# Can U mount fake rock on cement board?



## salmonslammer (Jan 28, 2001)

Or do I need to get some mesh?

Its about 16 SF area that is behind a freestanding gas fireplace....no mositure involved.


I've done a bunch of tile work, but never used the faux rock...anything I need to be aware of? Looks like a no brainer.....but I've thought that before!!


----------



## jlcrss (May 17, 2006)

Are you talking about the cultured stone? If so they say you can use cement backer board but you still have to put the mesh on top with a scratch coat prior to installing the stone. I am getting ready to do the same thing. I am gonna use the owens corning stuff they sell at home depot.


----------



## boots741 (Feb 20, 2004)

I have done it both ways, but recently down my basment we did not use the mesh, we put the cultured rock right to the cement board with no problems, this is how it turned out, did both the fireplace, and the bar..

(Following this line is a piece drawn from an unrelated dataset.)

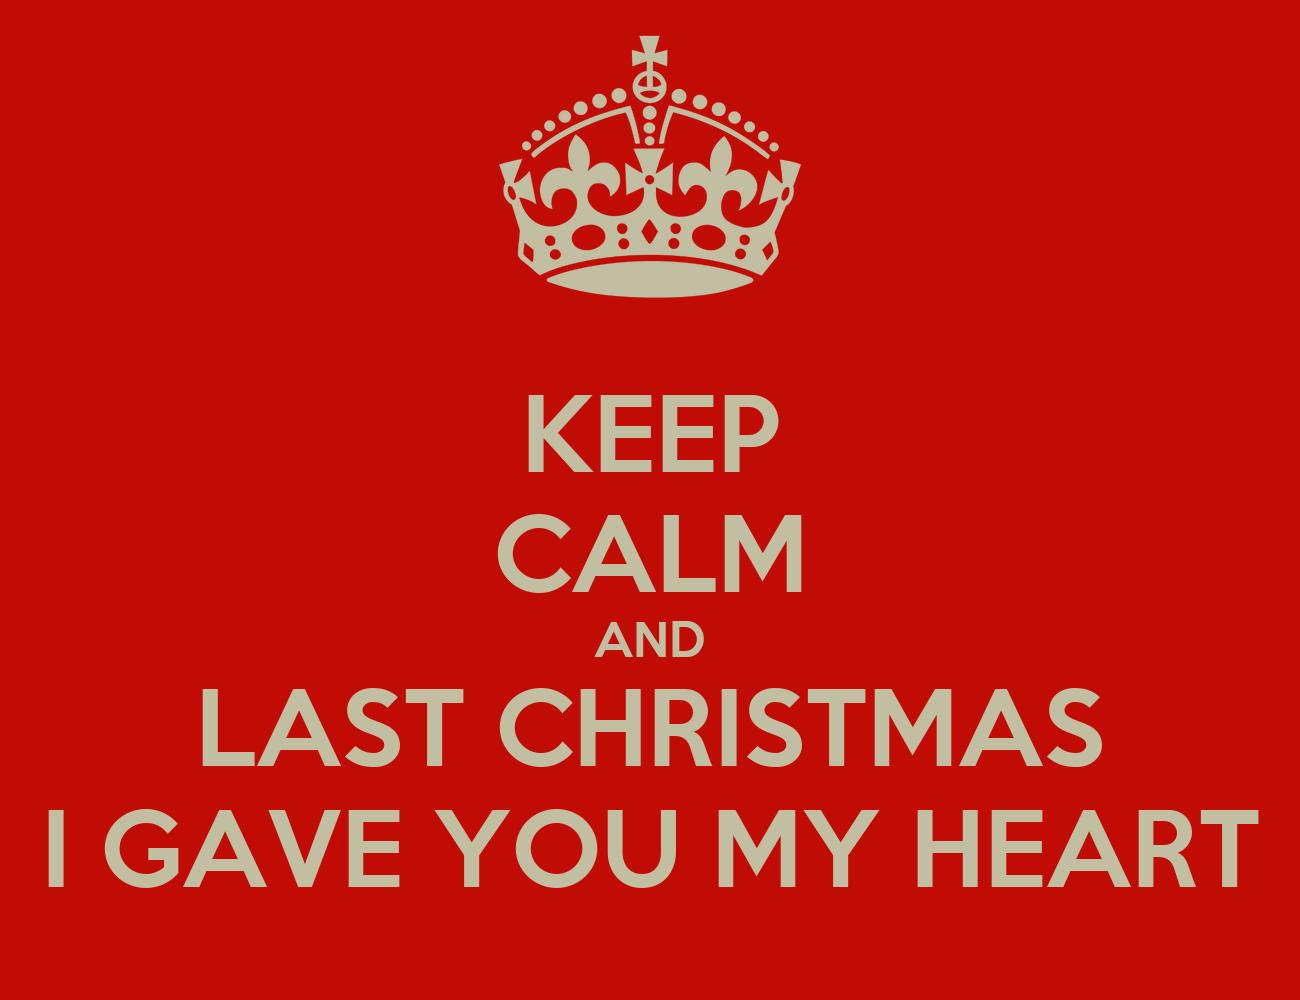 last christmas i gave you my heard: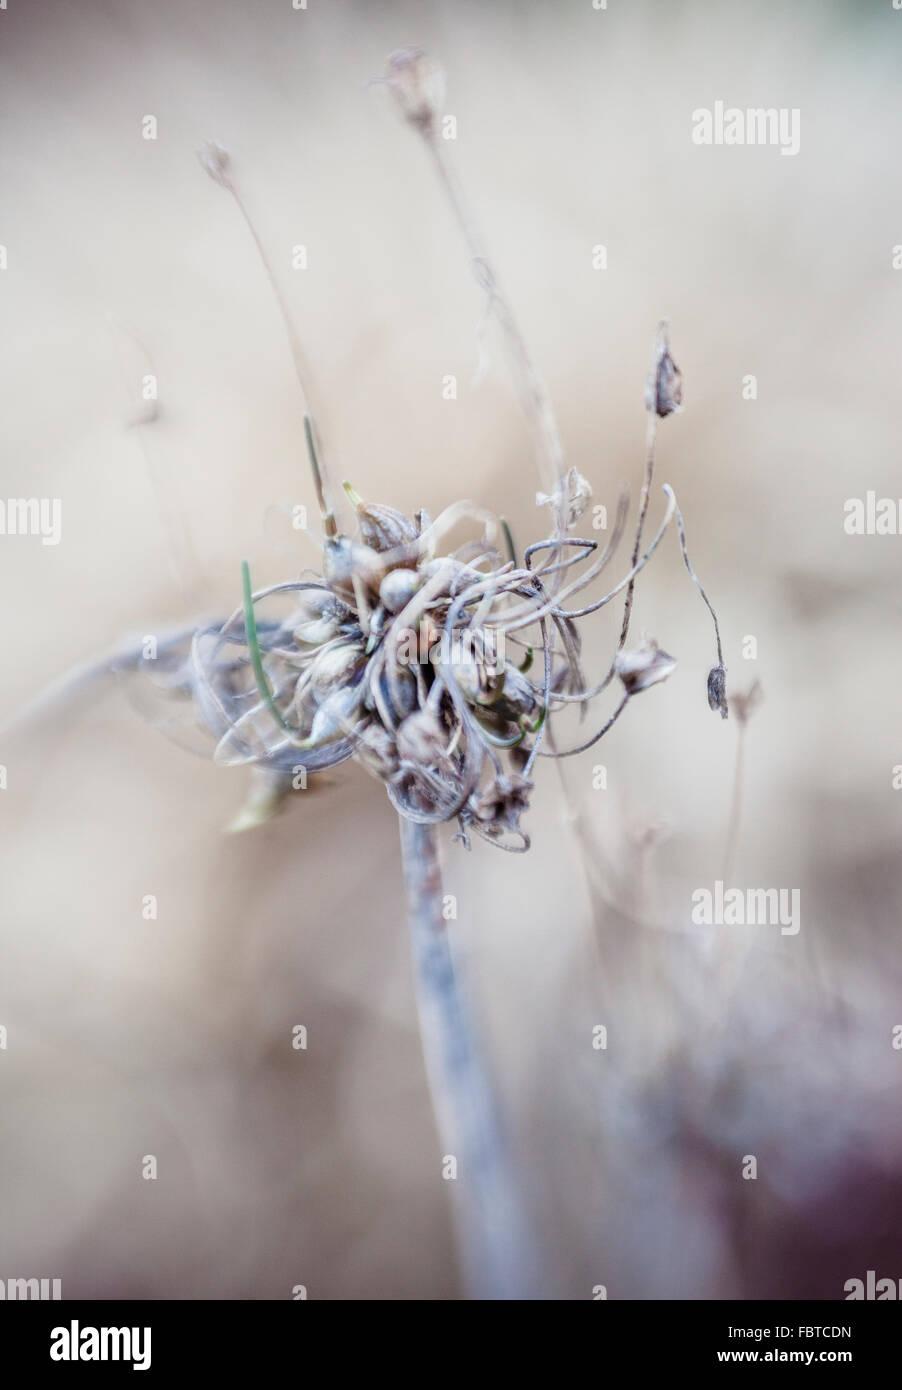 Seedhead of Allium vineale 'Hair' - Stock Image

http://www.michigan-sportsman.com/forum/showthread.php?t=202663


----------



## tdejong302 (Nov 28, 2004)

You don't need mesh on concrete backer board. Put some mortar on the wall and then butter the cultured stone and as you place it move it back and forth Kind of circular but not moving the stone. This 
helps spread the mortar. You can only do a couple feet at a time. And then let it set for atleast a day. You can see my fireplace at http://www.powellshoreslodge.com It did it about 4 years ago. I have another pic of my last project if you want to see it let me know. Good luck.


----------



## salmonslammer (Jan 28, 2001)

Great!! looks like I'm good to go. I have the cement board in, but my neighbor said that I needed mesh too....maybe if it was outside or something.

Boots....Kudos on the basement  helluva job.

Did you build the mantel too? That'll be next weeks project.....

Going to have to look online and see if I can find some plans that I like.

Thanks for the info!!


----------



## boots741 (Feb 20, 2004)

Yeah, buddy of mine did the mantel from some wood he found in his barn.

I like the looks of the lodge in the other post, good looking vacation spot.


----------